As self-declared "patriots", the Patriot Whigs were often critical of Britain's foreign policy, especially under the first two kings of the House of Hanover. Many were convinced that the traditional Whig policy, "No Peace Without Spain", had been correct and that Spain and France were potentially dangerous to Britain. In 1739, their attacks in Parliament against the Walpole ministry's policy toward Spain helped stir up widespread public anger, which led to the War of Jenkins' Ear and ultimately to Walpole's fall three years later, during the War of the Austrian Succession.
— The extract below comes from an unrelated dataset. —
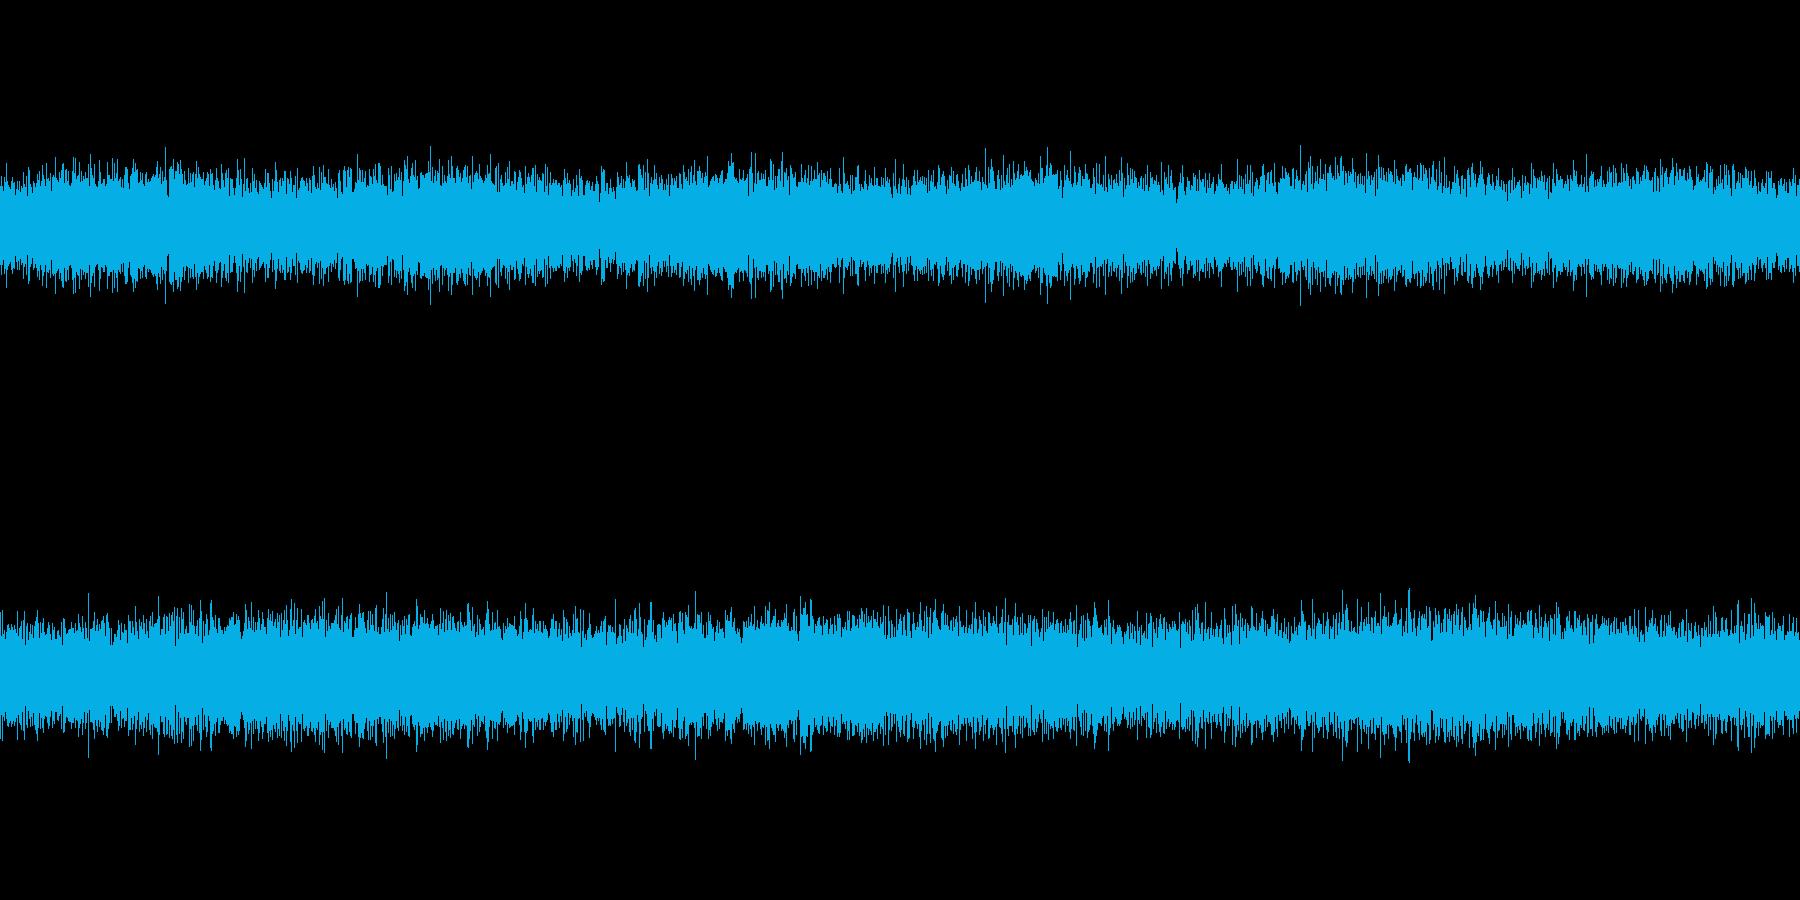 [風音1] 強風・暴風・環境音(ループ)の再生済みの波形

==The newspaper of the party and opposition to Caroline of Ansbach==

An early focus for the Whig Patriots was The Craftsman, a newspaper founded in 1726 by Pulteney and Henry St. John, Viscount Bolingbroke, the former Tory minister, who for a decade called for a "country" party coalition of non-Jacobite Tories and opposition Whigs to defeat Walpole and the Court Whigs. Jonathan Swift, Alexander Pope, John Gay, and Henry Fielding all wrote for The Craftsman. Bolingbroke's The Idea of a Patriot King (1738; published 1749) adopted the language of "patriotism" to critique political theories used by Walpole and his successors to justify their actions. Many of the anti-Walpolean satires of the 1730s mixed Tory and Patriot Whig stances, and some authors, such as Henry Carey, simultaneously satirized Queen Caroline for her backing of Walpole and penned patriotic operas and songs such as Rule, Britannia! and God Save the King.
==Support for William Pitt and the Elder and Pitt the Younger==

The Patriot Whigs never achieved power while Walpole remained in office, and their cohesion was undermined in 1742, when some of their leaders joined the government after Walpole's fall, and Pulteney was elevated to the House of Lords. However, William Pitt the Elder would gather around himself the "Patriot Party", and even in office, he continued to use the language of the Patriot Whigs. The remnants of those who identified as Patriots would later join the unofficial "party" of his son, William Pitt the Younger. Over the decades, those associations would contribute significant personnel and Parliamentary support to government ministries.